# EZBuild Engine



## mocaquita (Mar 7, 2010)

Hi,
Been lurking here for a few weeks and I must say I find it very interesting and I am impressed with the knowledge and skill in the group. Been a toolmaker/machinist for 20 years and have been slowly getting my home shop in order. Have a ways to go yet. Thought I'd post my build of the EZbuild engine that I did for my grandaughter Isabel (Izzy). Just did some modifications to the plans I found here. She has a mechanical aptitude and a birthday soon, so I was looking for something simple to build and present to her as an assembly kit. Need to generate some pictures and assembly instructions as they live 750 miles from here, and I won't be there to help out. Will post a couple pictures, I think I have it figured out! (my first posting)

Dave


----------



## Foozer (Mar 7, 2010)

Looks real nice, like the "Name" touch on the flywheel.

Robert


----------



## black85vette (Mar 7, 2010)

Awesome job and great story. Cool idea to put her name on it and customize it.  Like the connecting rods and the shape you gave them. Looks wonderful and I'm sure Izzy will love it. Thm:


----------



## capjak (Mar 7, 2010)

It sure is pretty Dave. I'm sure that Izzy will enjoy it.

Jack


----------



## bearcar1 (Mar 7, 2010)

Oh, WAY COOL! 8) Dave, Isabel should/will be tickled as all Hell with that beauty. Very interesting character you gave that E-Z. Just how did you accomplish the letters for the name in the flywheel? 


BC1
Jim


----------



## Kaleb (Mar 7, 2010)

Have you thought of making or buying a boiler so you can run it on live steam? Trust me, running on steam is a whole different and more exciting experience and you won't regret it!


----------



## zeeprogrammer (Mar 7, 2010)

Welcome to the forum Dave.
Awesome job and a great idea for the name.
No mistaking it was made for Izzy as she grows up.
Maybe you should attach a plate somewhere...
"To Izzy, From...uh...
Gramps?
Opa?
Poppie?
Grandpa?

A video would be great.


----------



## mocaquita (Mar 7, 2010)

Hi,
Thanks everyone for the comments! I will try to answer the questions and post a video.

bearcar1 ~
I have a modest CNC mill at home here, I use Quickcad for cad software and Sheetcam for cam software. While it would be possible to draw the flywheel with the lettering, Sheetcam will not import fonts. However you can add lettering directly in Sheetcam. It was a matter of rotating the flywheel geometry and and 1 font at a time and rotating again until I liked it. Took a few tries to get it right. Sheetcam by the way is great software, for the price. While making this project I discovered my postprocessor was not handling counterclockwise arcs greater than 180 degrees properly, so I had to do a little post editing. Nice to get that bug out of the way.

Kaleb ~
Yes, I do have an interest in boilers! But that will have to wait for a while. Have the idea that I should add a flyball governor to a Tinypower Ajax that I made a few years ago.

Dave

<embed src="http://www.youtube.com/watch?v=0u2ipHIdee8" type="application/x-shockwave-flash" wmode="transparent" width="425"


----------



## Mike N (Mar 7, 2010)

Dave,

Nice job, I like the name in the flywheel!
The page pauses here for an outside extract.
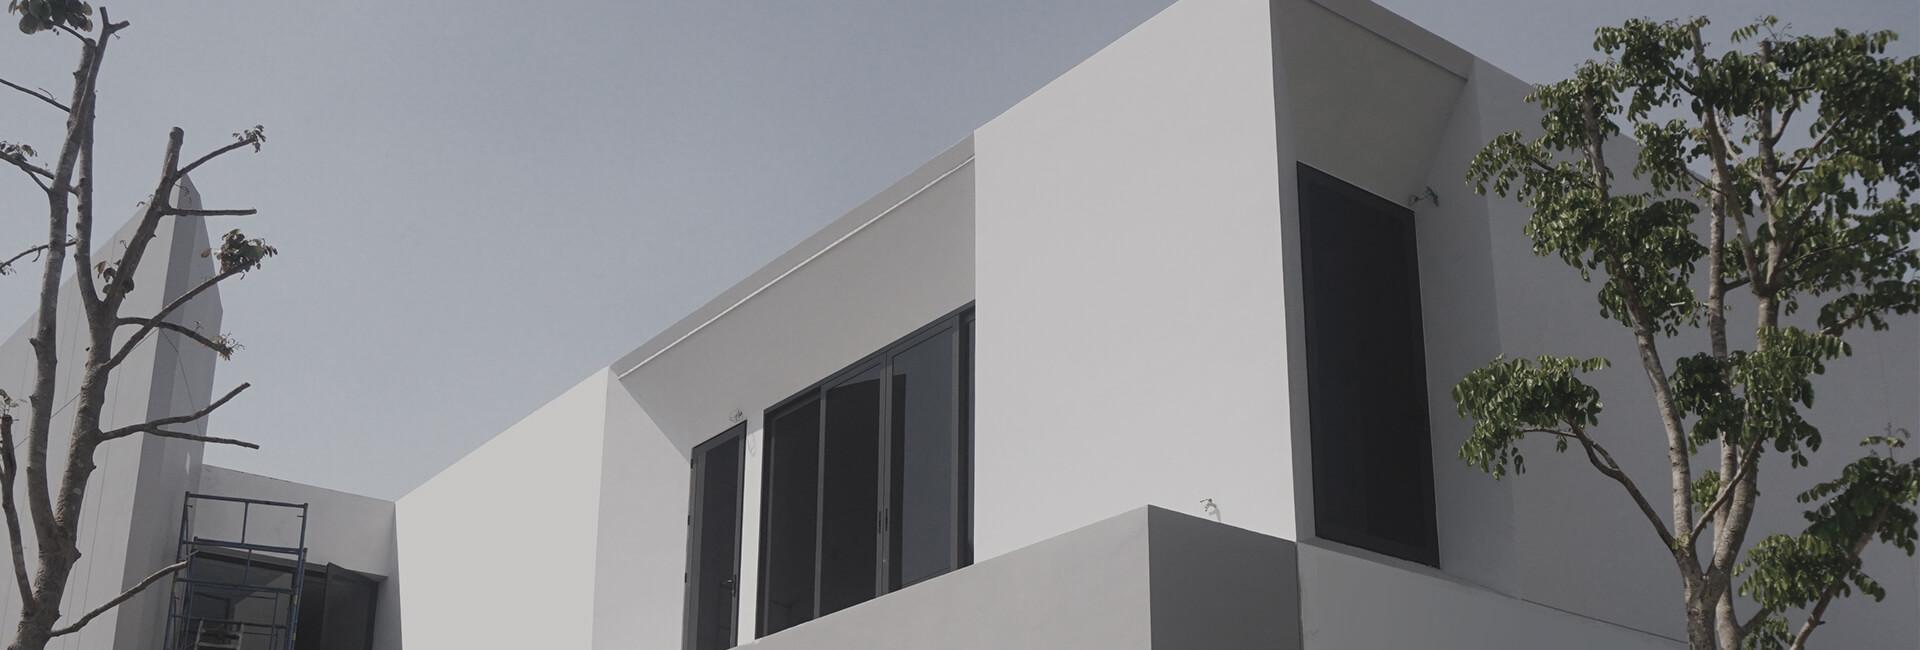 building-bg

Have you tried Millrite v6 software for your engraving??
http://www.hugequestions.com/MillWrite/MillWrite-v6-demo.html (free download)
It is a free demo program, it works great! You can export G codes & dxf files. It also will engrave Truetype Fonts.

Mike N.


----------



## Deanofid (Mar 7, 2010)

Good paint scheme. The brass bits are set off nicely.
Runs nice too, and with a pleasing sound. 

Dean


----------



## Diy89 (Mar 7, 2010)

Nice touch with the personalizing. Great paint job to!


----------



## zeeprogrammer (Mar 7, 2010)

Great sound.
And like everyone said...nice paint job.


----------



## vlmarshall (Mar 7, 2010)

Great work, great name. :bow:




			
				Mike N  said:
			
		

> Have you tried Millrite v6 software for your engraving??
> It is a free demo program, it works great! You can export G codes & dxf files. It also will engrave Truetype Fonts.



The only version I can find on there is a crippled demo, that changes all text to A, B, or C. Still, I use the older version of MillWrite, and it IS a good program.


----------